- **Recorded information**
▼

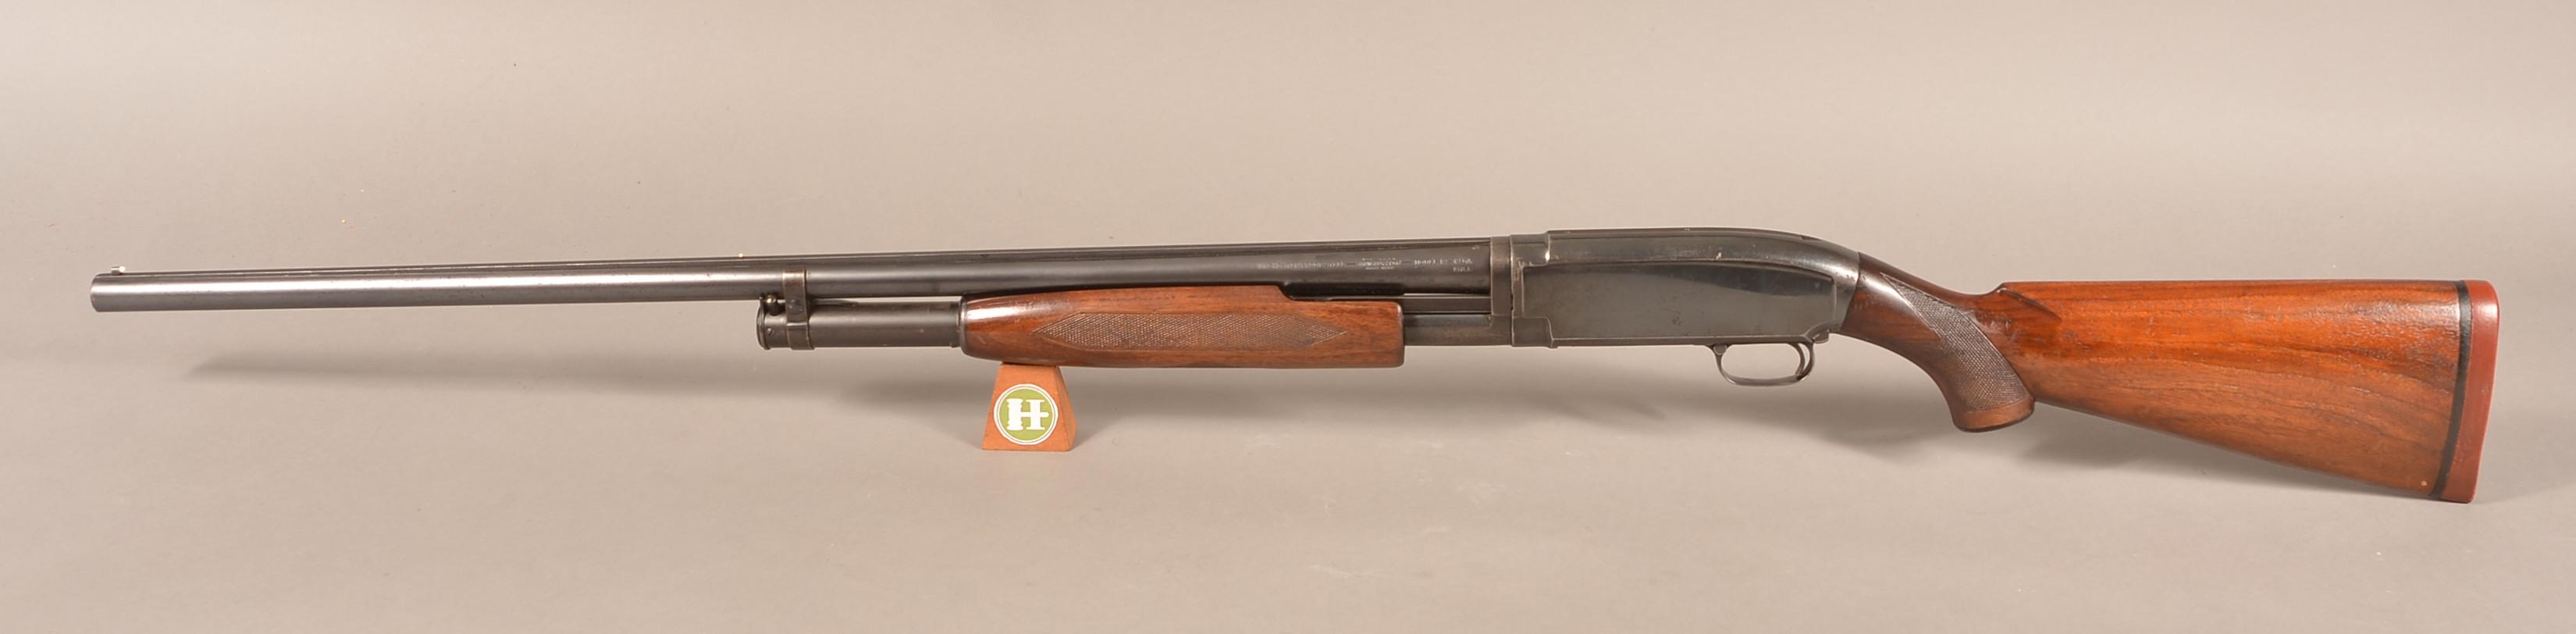 Winchester mod. 12 12ga. Standard Trap Shotgun
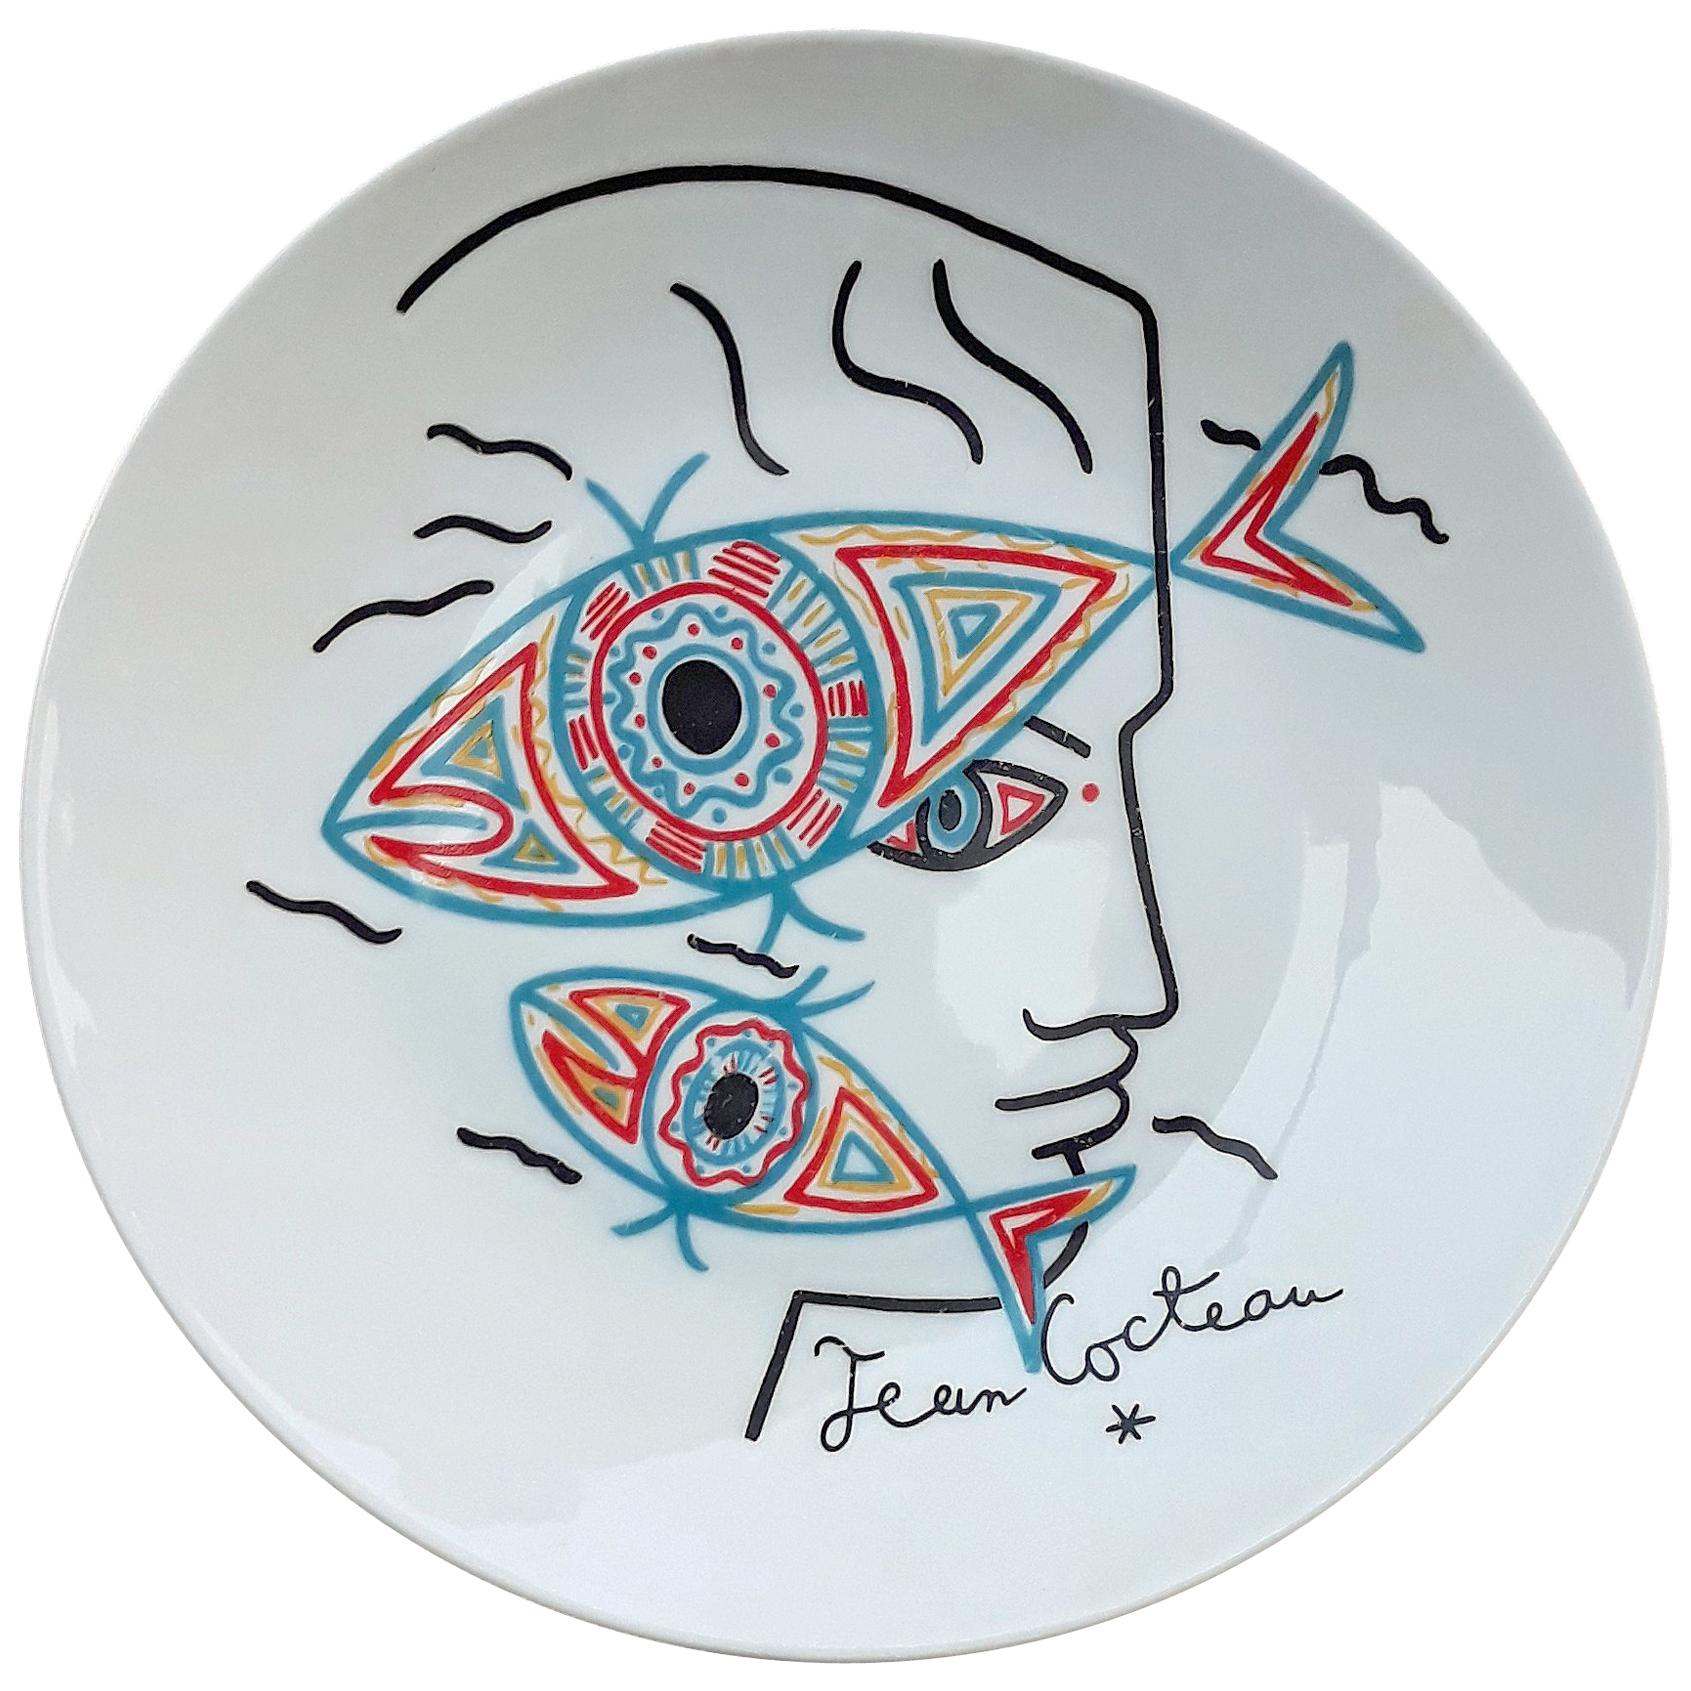 Cocteau Jean Limoges Porcelain Plate, Signed
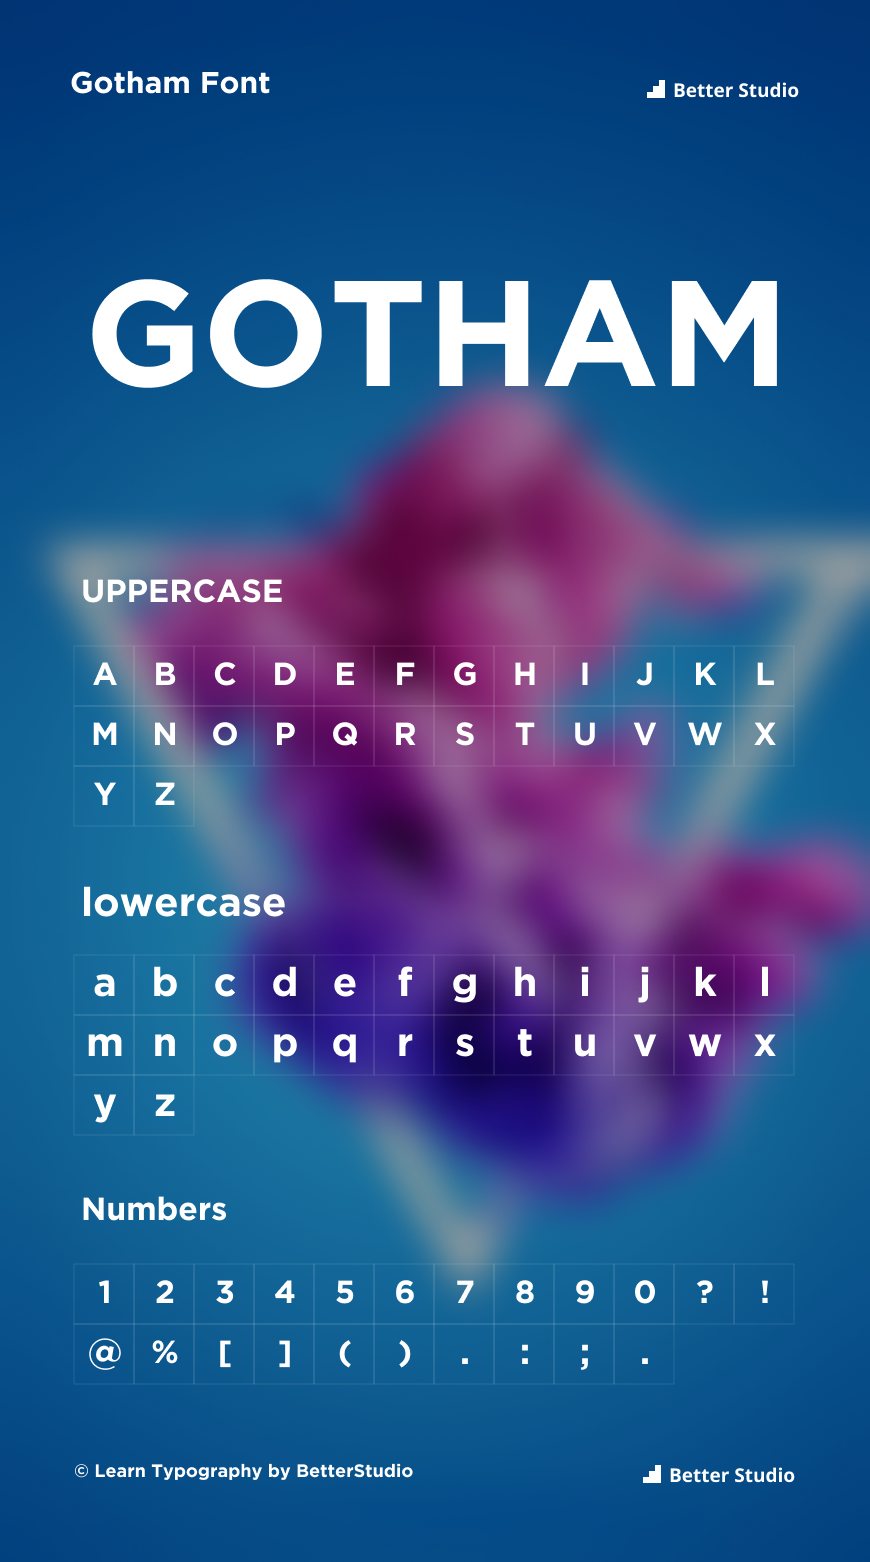 gotham font download free mac

▲

Please print all the lines above exactly as given and leave out every picture.

 Winchester mod. 12 12ga. Standard Trap Shotgun
 Cocteau Jean Limoges Porcelain Plate, Signed
 gotham font download free mac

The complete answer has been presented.